** The problem **
The expected output is the line with "Method for making" plus all lines after it to the end of the material below, reproduced exactly, with pictures omitted and nothing else included.

**** Supplied material

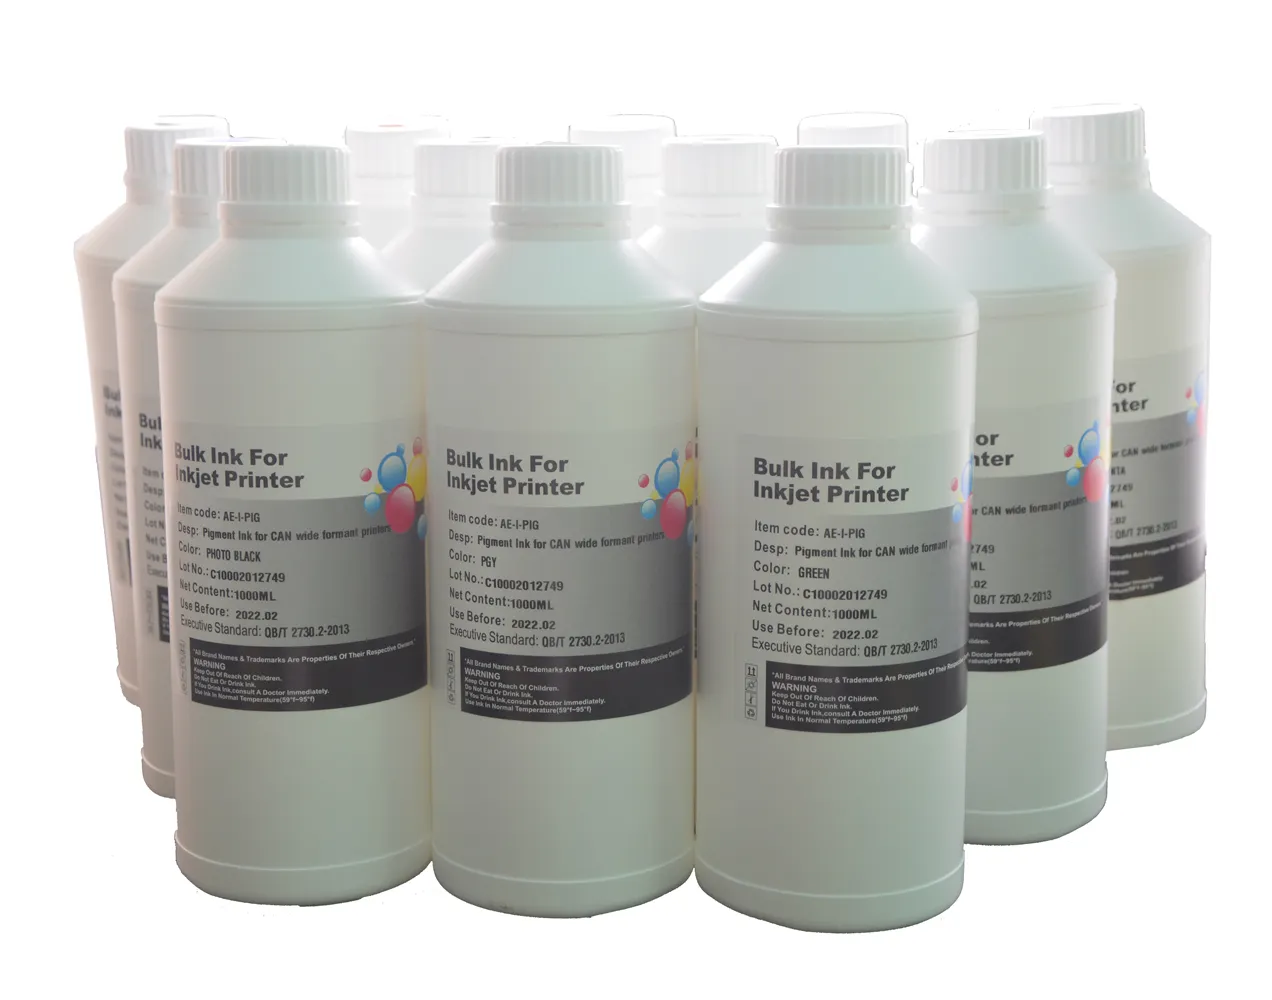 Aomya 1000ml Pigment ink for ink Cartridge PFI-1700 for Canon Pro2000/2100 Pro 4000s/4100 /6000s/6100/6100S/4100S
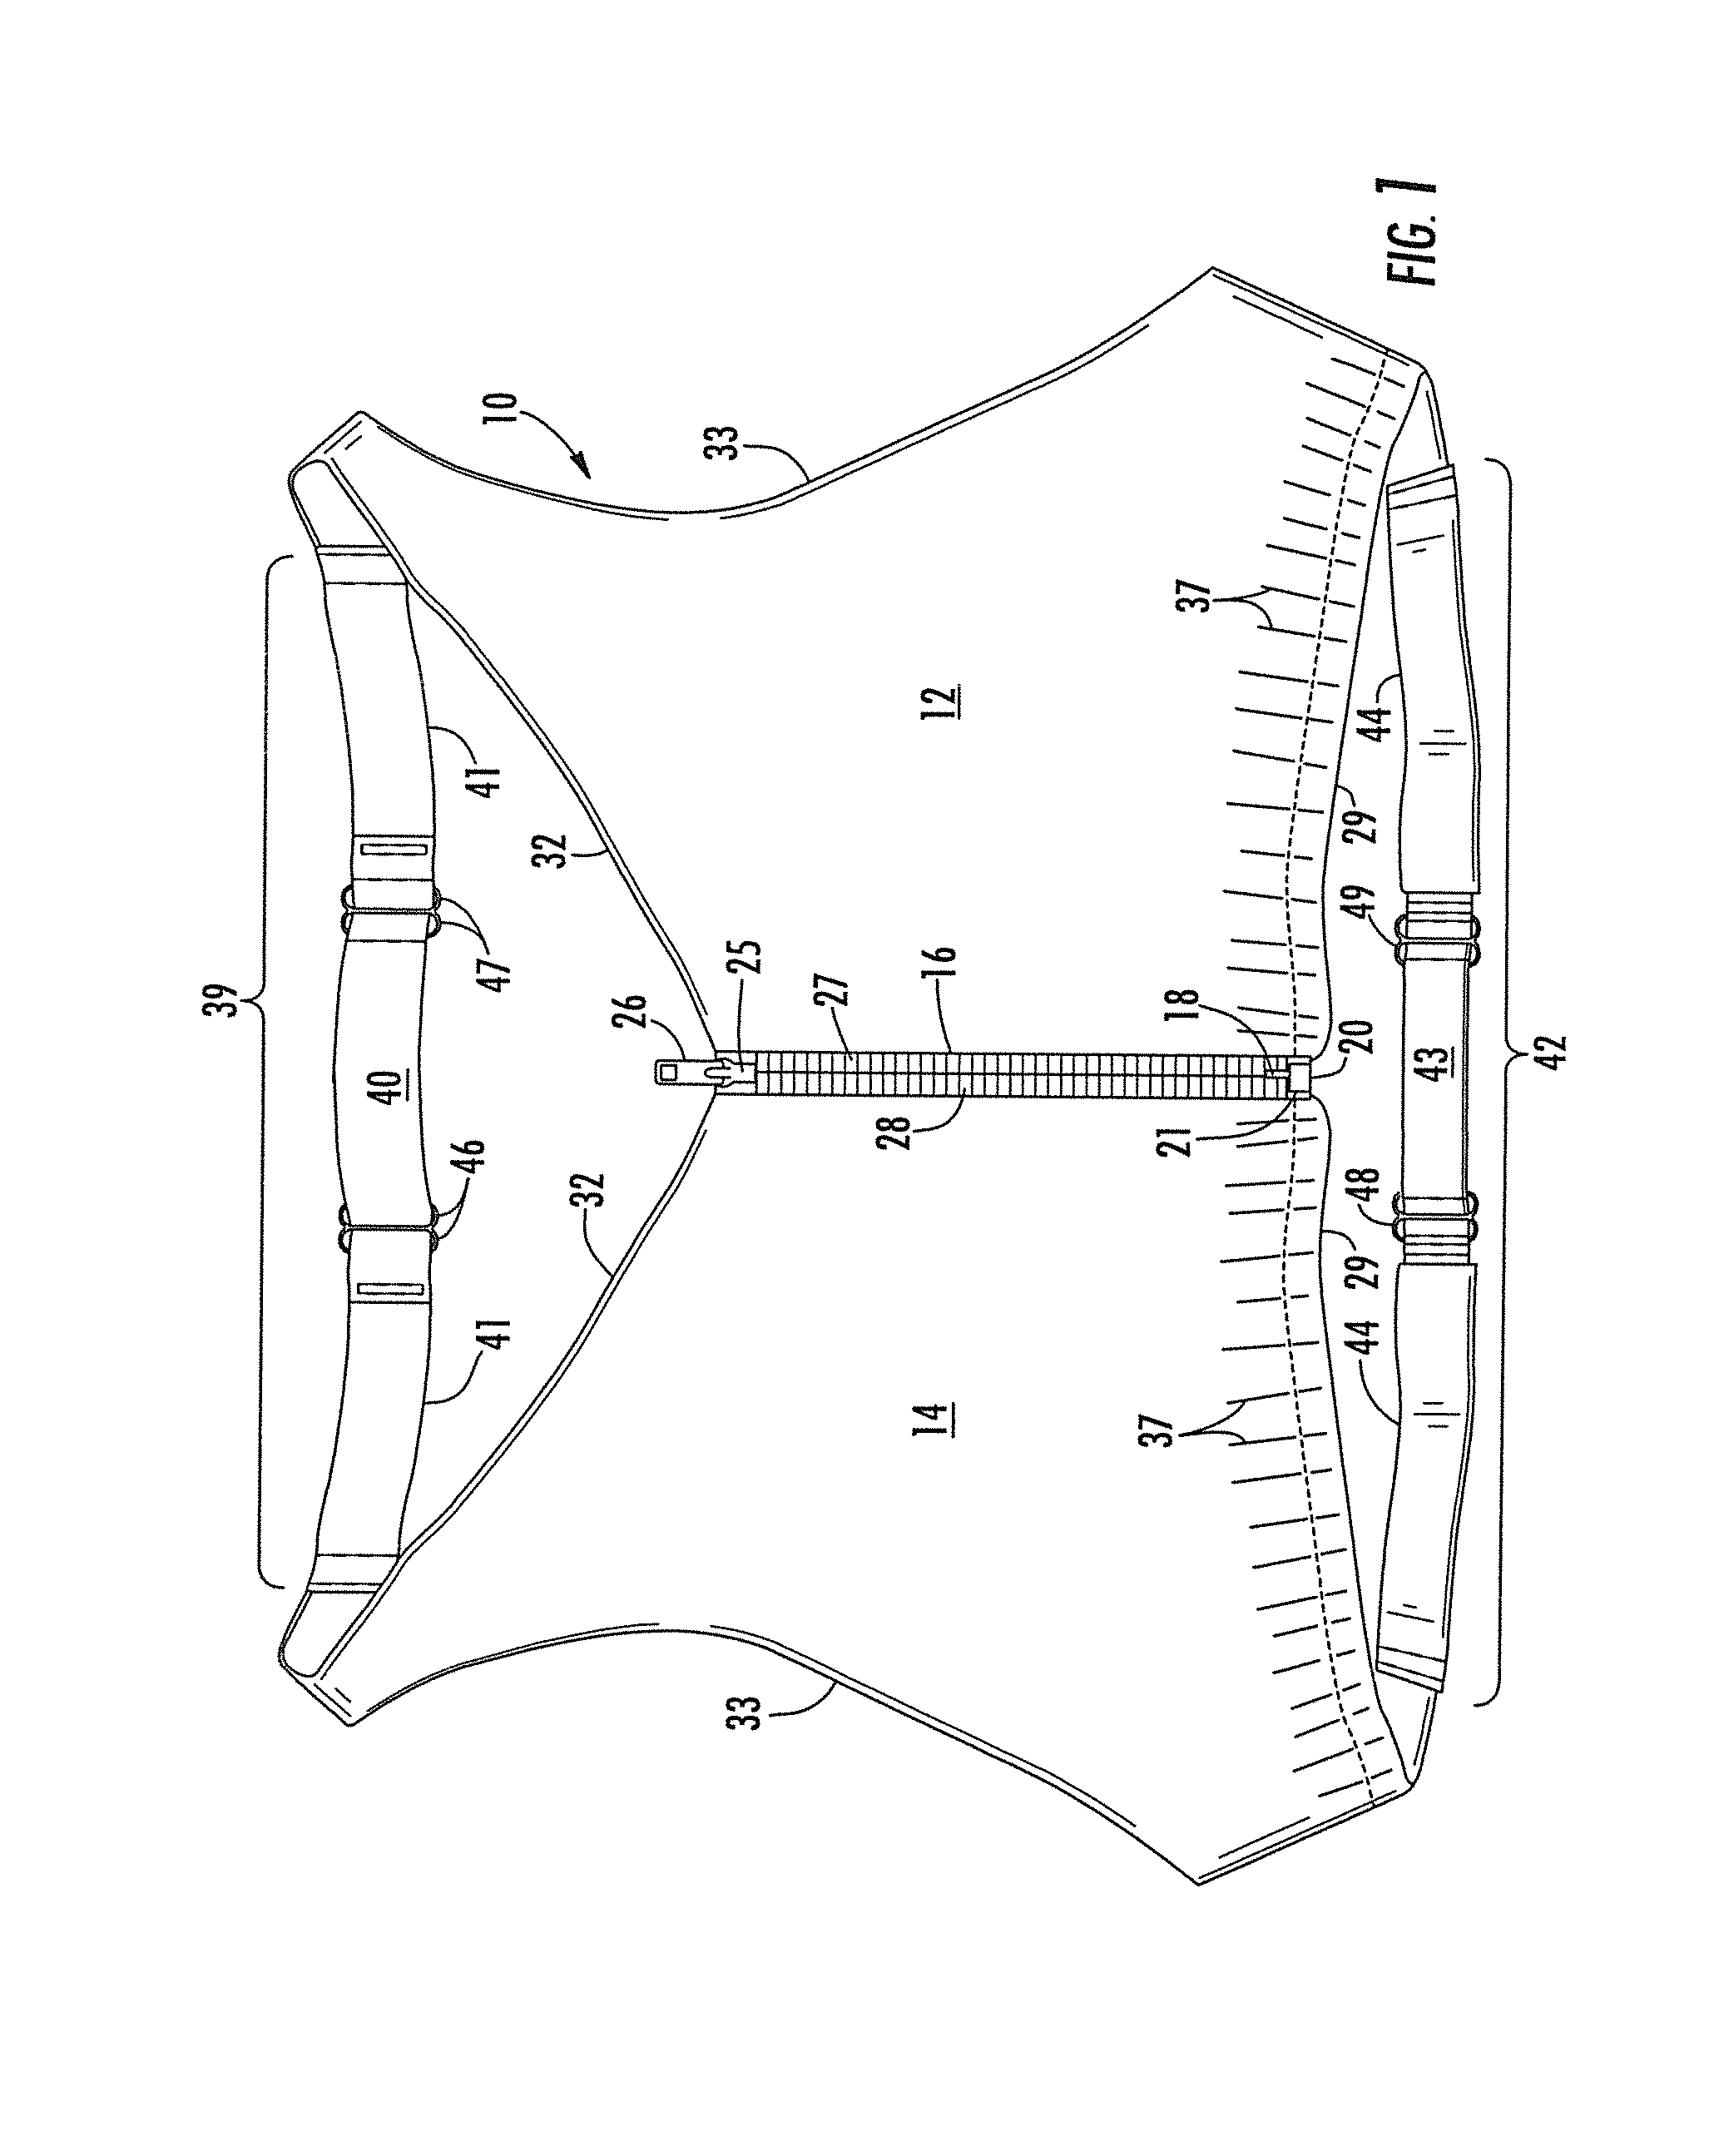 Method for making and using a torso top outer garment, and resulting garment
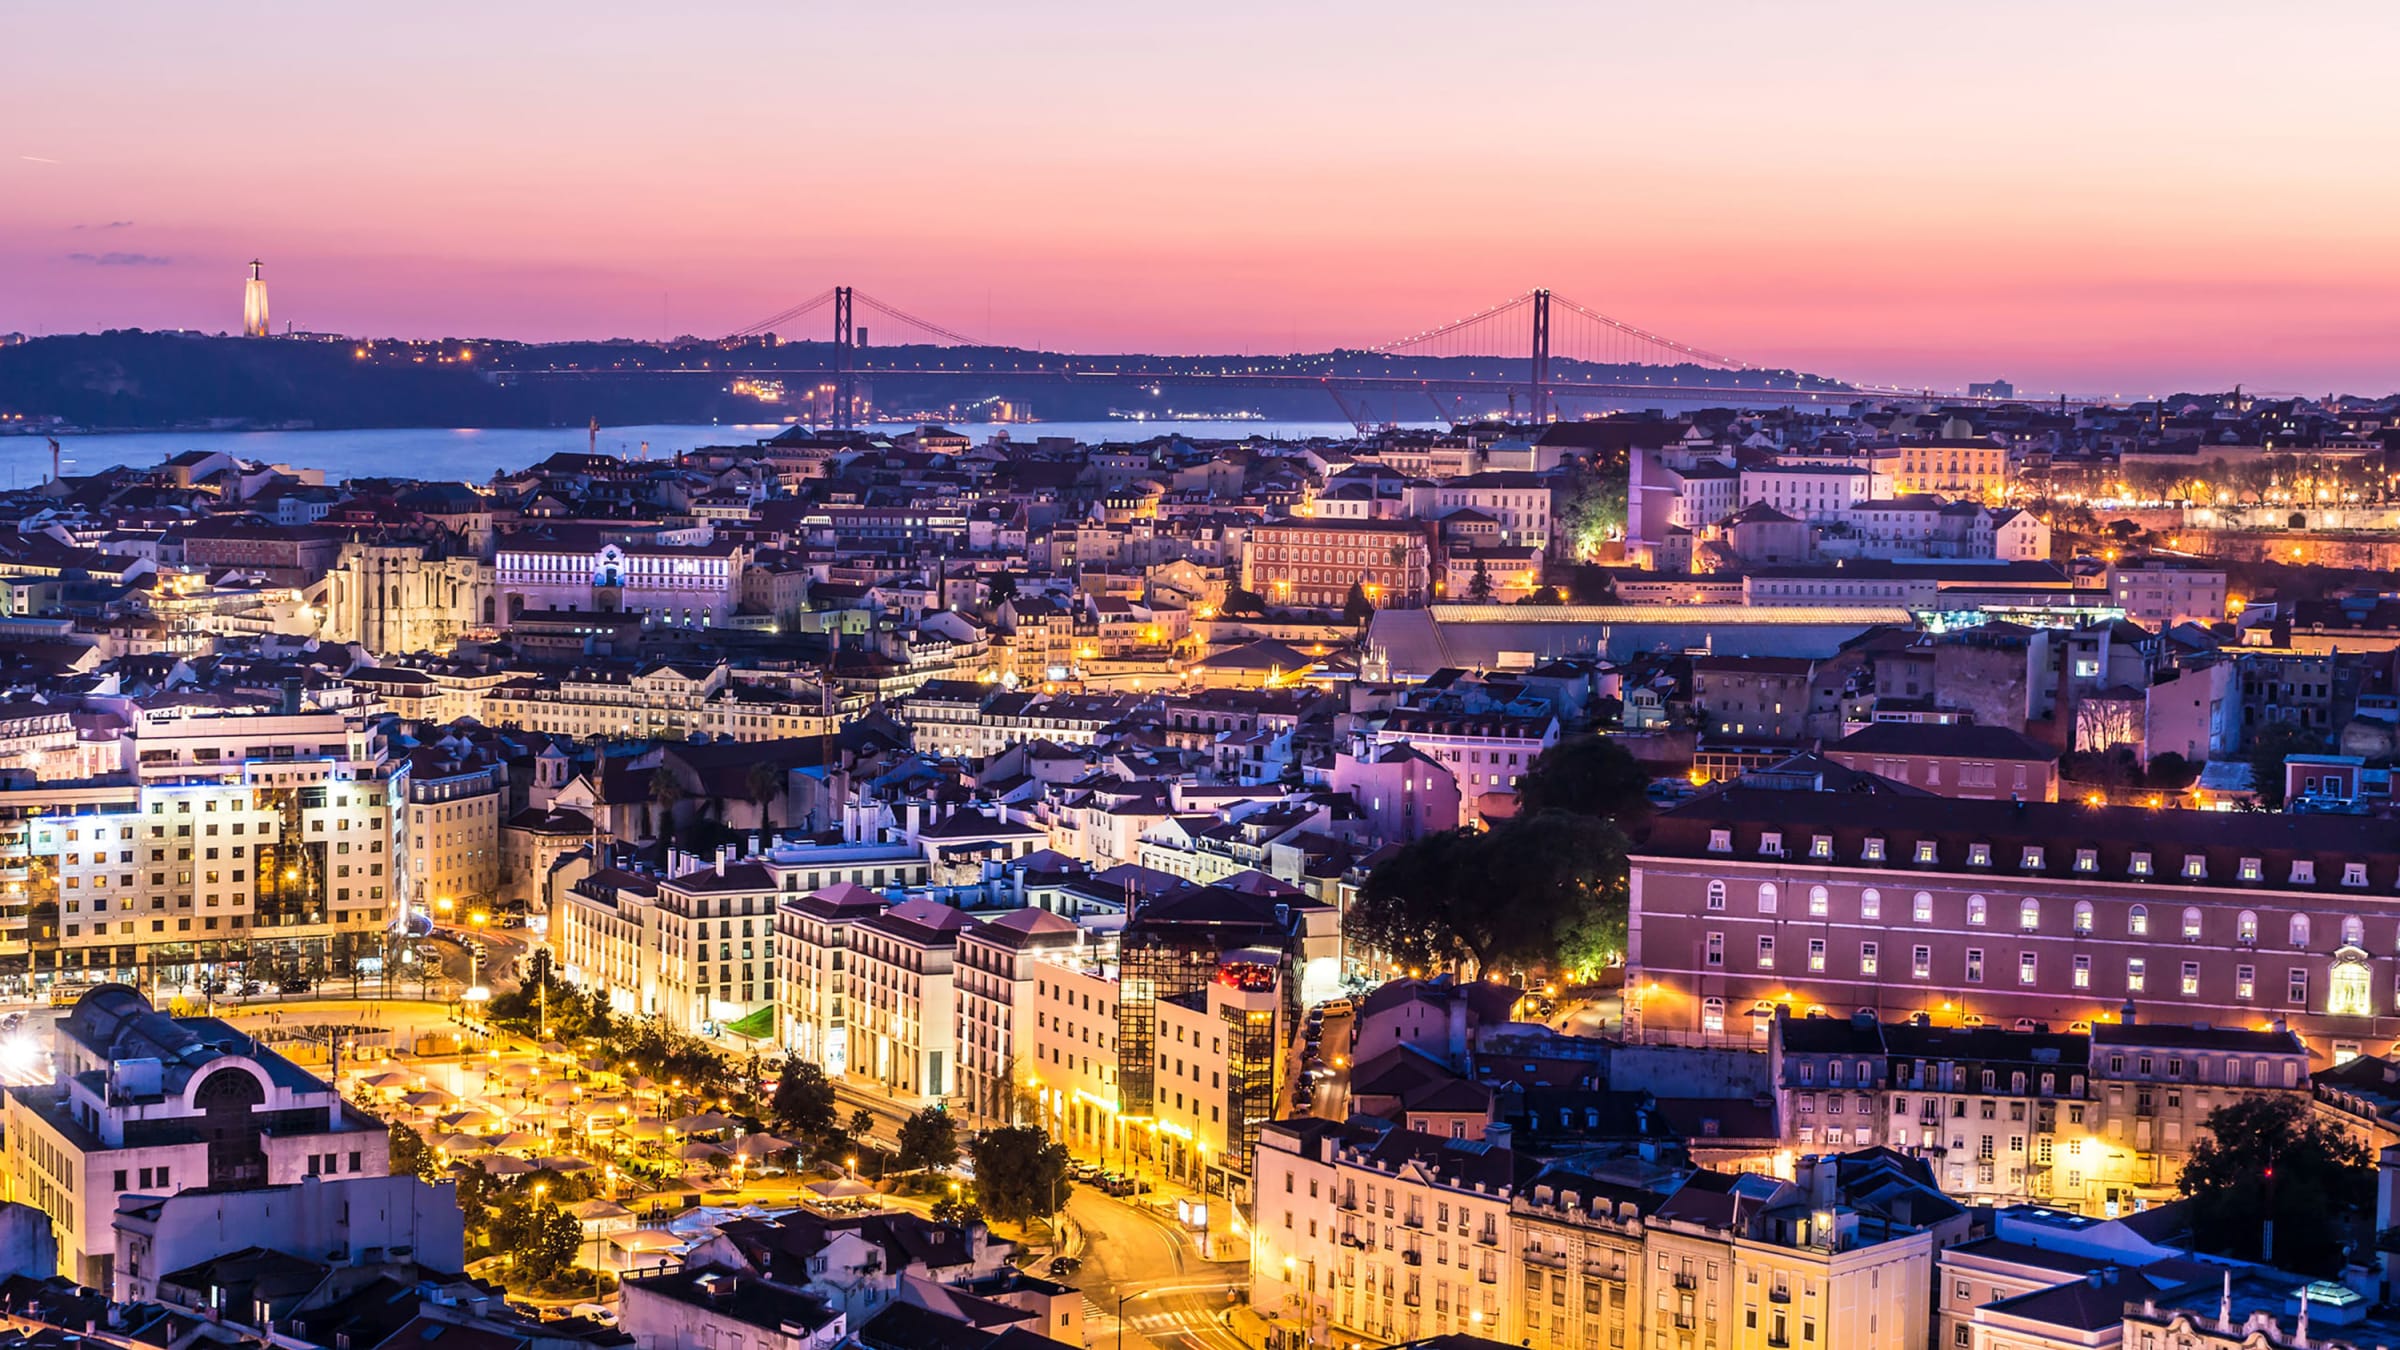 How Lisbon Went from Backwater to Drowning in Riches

********

** Exercise output **
 Method for making and using a torso top outer garment, and resulting garment
 How Lisbon Went from Backwater to Drowning in Riches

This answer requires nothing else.